Penzance literary festival is unlike any other’ reads the welcoming and informative website http://penzance-literary-festival.org.uk It’s a community festival, started last year, and organised again by a small number of volunteers who have somehow succeeded in expanding it on an extremely small budget. Contributors are mostly local or have Cornish links, and entrance to an event costs less than a cup of coffee.

However, people do cross the Tamar to get there. The first person I bump into is Tessa West, another Aldeburgh festival veteran. Tessa has travelled from East Anglia to exhibit and read from ‘The Other Vikings’, her handmade and illustrated book of poems, which she unwraps and unfolds before an attentive audience. She is also contributing another talk and reading, as well as sampling the sea bathing of West Cornwall – definitely warmer than Aldeburgh in November.

The theme of this year’s festival is ‘stories’. There are story-writing/telling/reading events for all tastes and ages, talks on writing and publishing, stories in photographs and on the paintings of the Newlyn School artists, travel stories, biographies, and a ‘Big read’ of The Secret Garden. And even stories in poems.

With an incredible 80 events in 13 venues over 5 days, even deciding what to choose requires concentration, and I’m full of admiration for the programming skills involved. But even after many years’ training at other poetry festivals my enthusiasm exceeds my stamina, particularly as there are often six or even seven events running concurrently. So, lacking a time-turner, I miss out on Philip Marsden (I loved ‘The Main Cages’ ), and various talks including ‘The Oblivion of Richard Trevithick’. And sadly I can’t make it to the improvised opera entitled ‘The Dangerously Rough Guide to Getting Published’. Sounds brilliant. I just hope there will be a repeat performance next year.

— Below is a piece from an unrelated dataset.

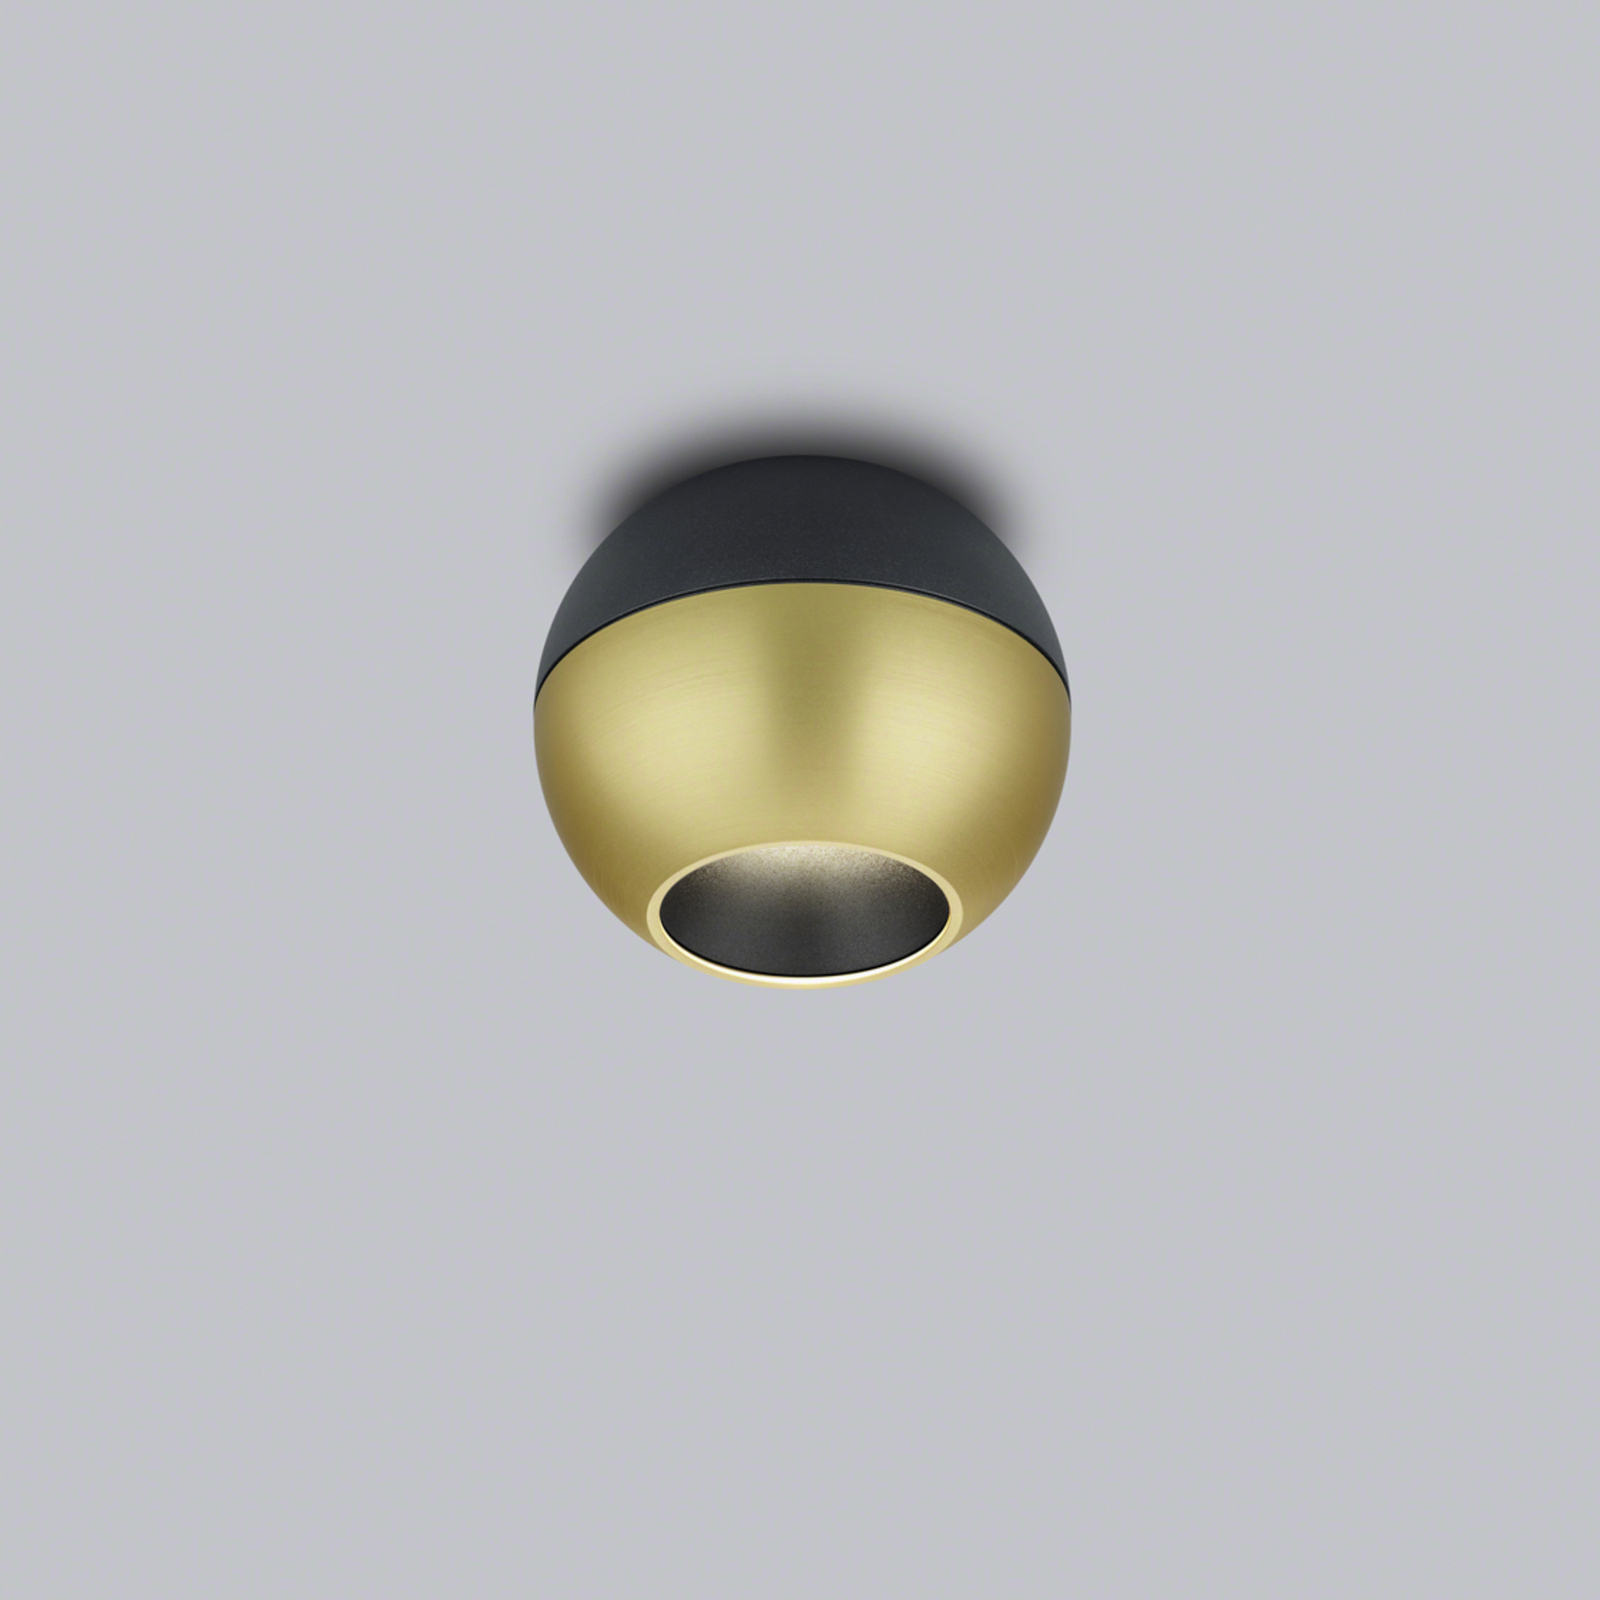 Helestra Eto LED downlight Ø 10 cm 927 gold black

So I choreograph my own sequence of poetry events, including Nick Round’s translation workshop of Portuguese and Spanish poetry which is full of gems and turns out to be one of my festival highlights. Here, with permission, is his translation of Antonio Couto Viana’s The Lyrical Ostrich

Ostrich:

The bad joke of two stumpy wings

(A thwarted longing for space and light, which

yearns after fragile, lyrical, delicate things.)

Flat feet glued to the ground.

Will it fly? As far up as its neck goes.

A creature for which no label has been found.

One thing? Or the other? Nobody knows.

That’s me.(The irony causes a pain

an unaccountable modesty.)

Hence the daft notion entered my brain

to bury my head in poetry

which nobody reads, it seems to me.

On Saturday morning we arrange the Penlee Coach House for those booked into my workshop, but then they just keep on coming so we put up more and more tables. It’s an international group (South African, German, Venezualan, North Devonian, Cornish…) with a range of ages and writing experience: the festival definitely lives up to its aim of ‘inclusiveness’. I follow the story theme and read them Dean Parkin’s poem ‘Waiting Room’ to use as an exercise. They are equally enthusiastic about poems by Andrew Waterhouse and Tess Gallagher, which also provoke some great draft poems. It’s a brilliantly supportive group, and we are all amazed by what everyone else has written. Definitely a case of flying ostrich. I go on a bit about the need to read contemporary poetry if seriously attempting to write it, and they take away magazines, and Rialto leaflets, and booklists, and everyone goes out grinning and blinking into the perfect bluesky sun.